You have probably seen the Irish letters—those from Malcomson Law and from Anne McGrane of the Irish Department of Health and Children—which clearly state that the Irish tribunal system provides a no-fault compensation scheme. Do you acknowledge that? You have said previously that the system was fault based, but the letters clarify that.
Frank Maguire said in his evidence that some cases of hep C deaths had not been investigated by the Crown Office and Procurator Fiscal Service, although I understand that that is required in law. He has brought cases to the Lord Advocate's attention. Are you aware of that? If not, will you please investigate that?
I have just taken legal advice on the last point. I am advised that the matter is for the Lord Advocate and that the point should be addressed to him.
As for the Irish situation, we need to understand that two completely different systems were in play. I have looked at the views that Judge Alison Lindsay gave us. She said:
"The Tribunal has formed the view from this evidence that the consensus which existed in the late 1970s and early 1980s that"
non-A, non-B
"hepatitis was relatively mild or benign did change as the results of studies became available showing the condition to have potentially serious consequences for some people infected by it. A number of experts came to regard it as a serious disease with significant long term consequences, especially and increasingly in the period after … 1985. That view did not, however, come to be universally held in the relevant medical and scientific communities until after 1989."
The Irish case supports the position that I have tried to reiterate to the committee.
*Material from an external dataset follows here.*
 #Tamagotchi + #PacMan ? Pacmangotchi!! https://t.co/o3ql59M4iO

The no-fault scheme to which the member refers is absolutely a fact, but the point is that the two inquiries would be into two entirely different sets of circumstances. In the Irish case, a process deficiency was clear—in my view, people did not do their jobs right and a mistake was made, which is why a no-fault scheme was established. In Scotland, I contend that the clinicians, the health service and the SNBTS were acting on the best possible information that was available, although that information was not right.
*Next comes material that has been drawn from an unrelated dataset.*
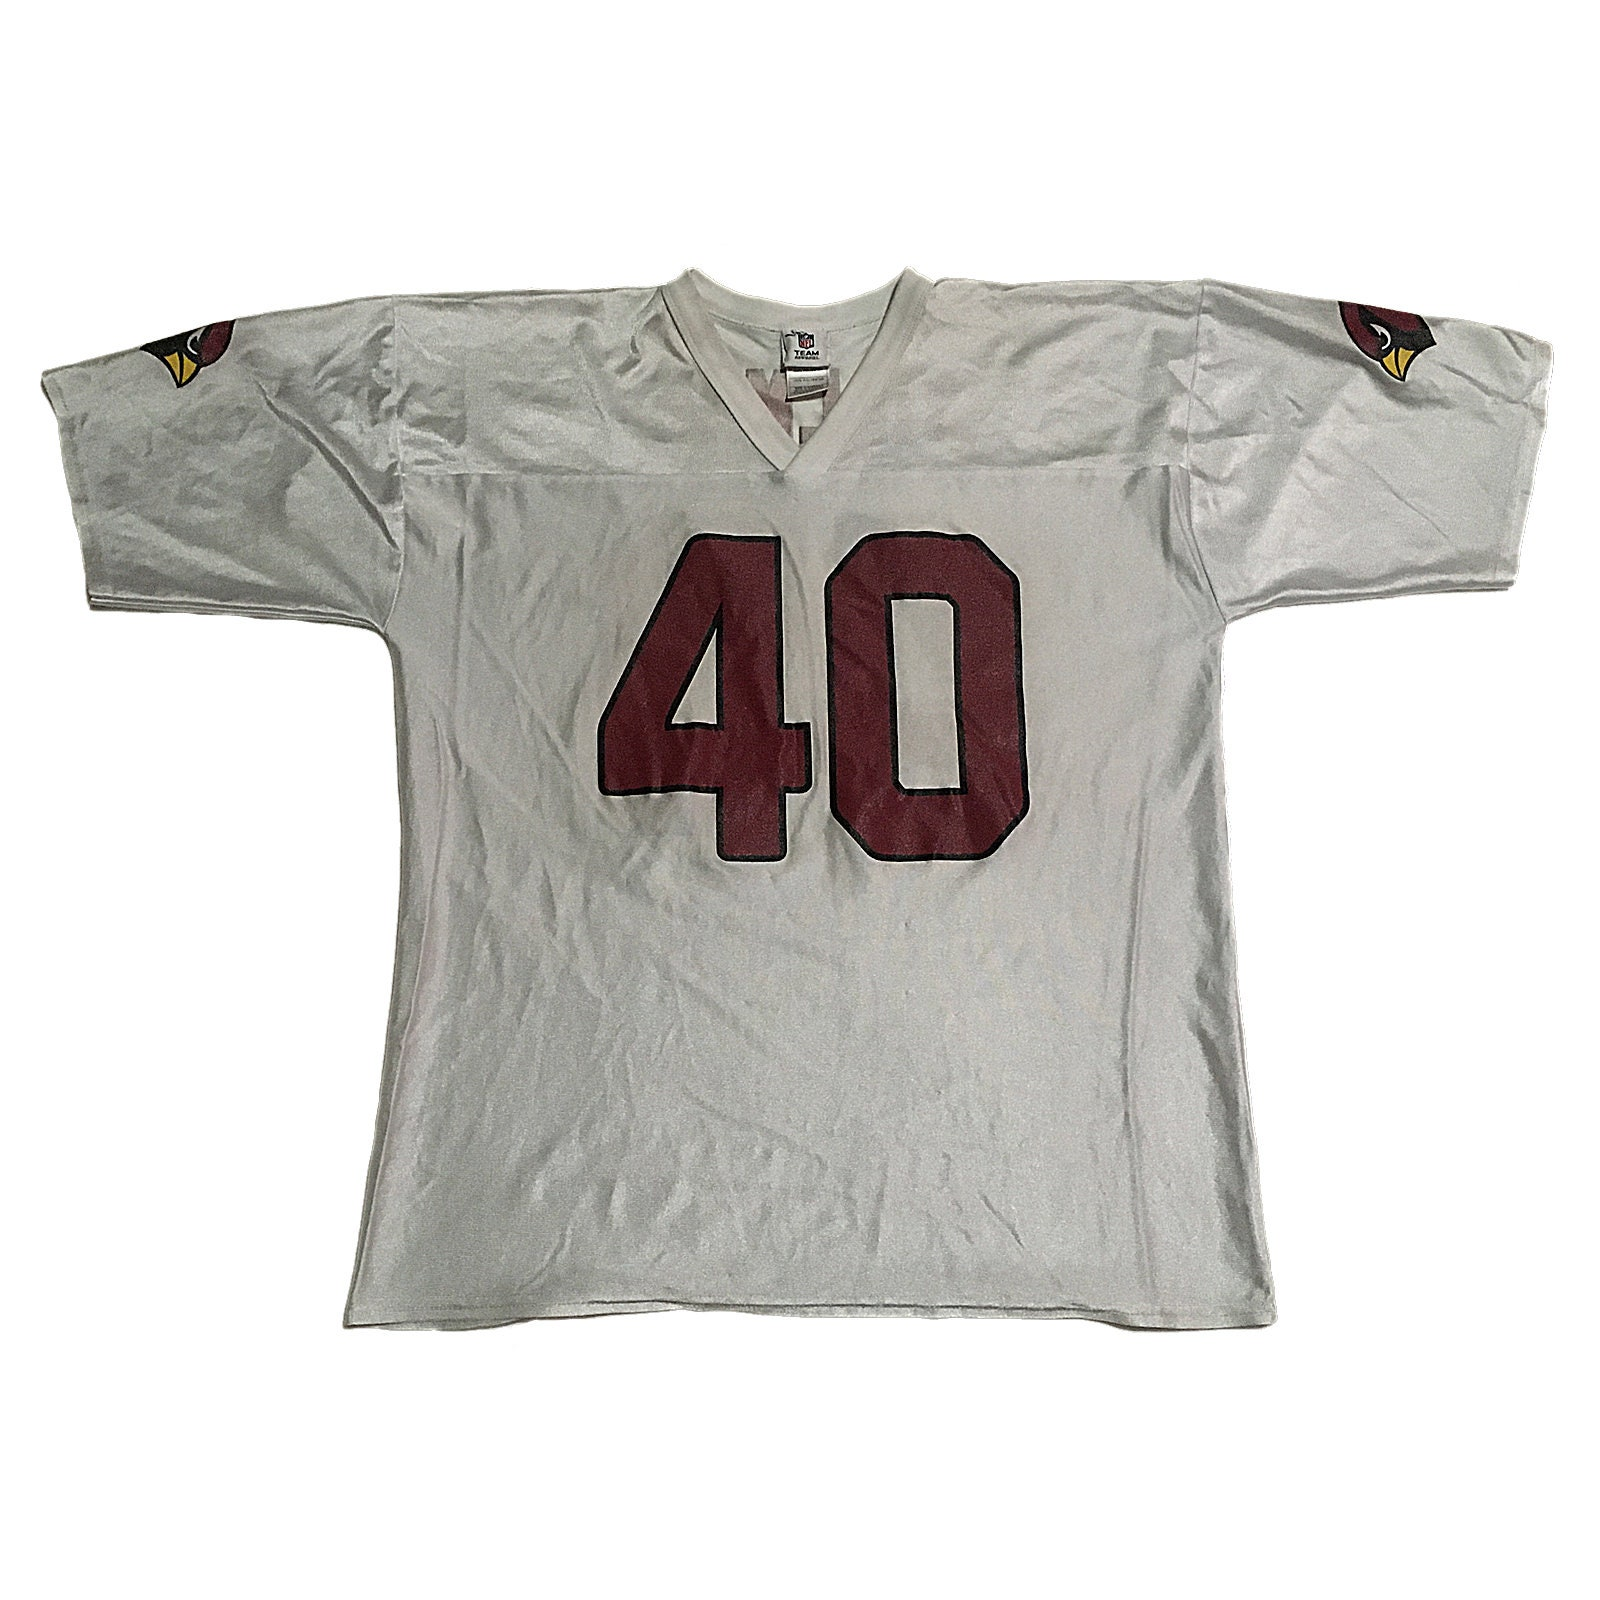 vintage arizona cardinals jersey
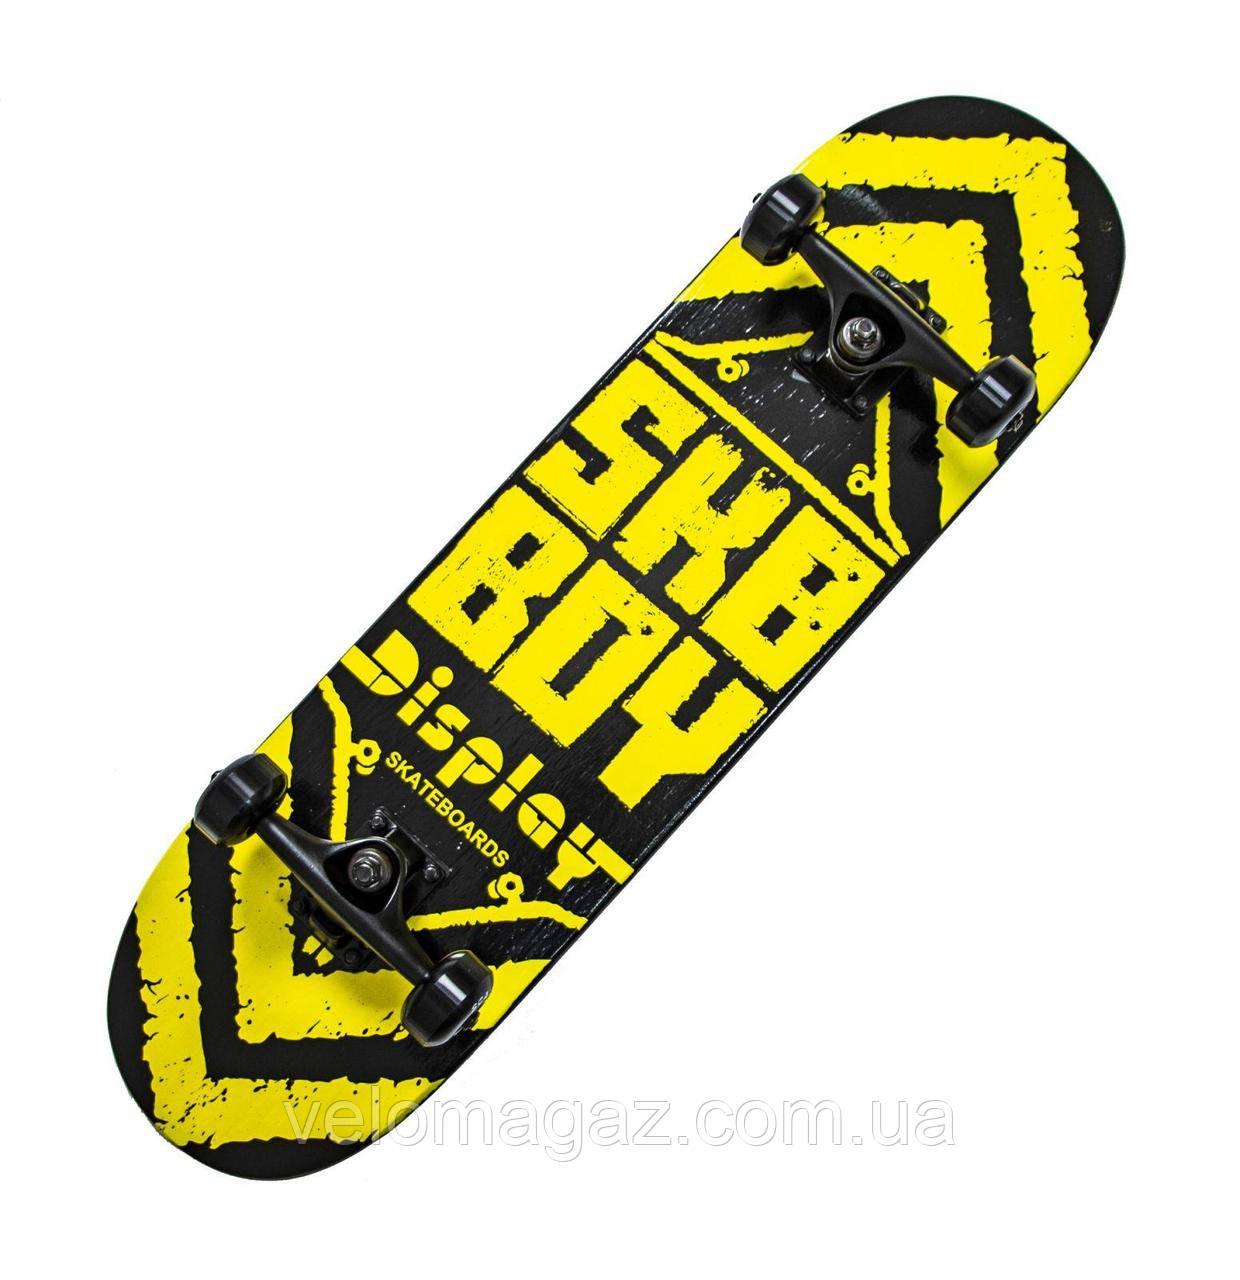 "Деревянный скейтборд ""SKY BOY"", желтый, 79*20 см"

The Malcomson Law letter says:
"At no juncture has the Irish Government, in relation to any claim by a person with Haemophilia before the Irish Courts, accepted liability, i.e. filed or delivered a Defence admitting responsibility."
My substantive point about what we are discussing and about any public inquiry in Scotland remains. I do not know whether Andrew MacLeod wishes to make another point on that.
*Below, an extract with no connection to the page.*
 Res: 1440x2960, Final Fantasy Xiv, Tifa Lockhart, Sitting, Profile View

Your first point was that none of the information that has been issued has been tested in the courts. I am not sure about that; I will seek advice. All that I wanted to do was to ensure that the Executive released everything that it had on the subject that could be released. I am not sure whether any of that has been contested—I will come back to you on that.
We can all cite evidence, but the point of an inquiry is that it would test the evidence, which has never been tested. Will you acknowledge that that is the case?
I do not acknowledge that that is the case. I have considered the evidence that nations that have conducted inquiries have come up with and considered the evidence that I have. You discussed the Executive investigation. My response is that the evidence in relation to that inquiry was not contested; it was accepted. In my view, evidence is widely available. Whether or not that evidence is contested in the way that you would like it be, the value, benefit, gain and closure that individuals seek desperately would not arise from a public inquiry.
Thank you. I think that we have probably exhausted everything that we need to do at this stage. A little later this afternoon, the committee will consider the evidence that it has heard and what its response will be. The committee has not yet decided whether to hold that discussion in private, so people might want to wait until they know what that decision is.
I thank the minister and his officials for coming.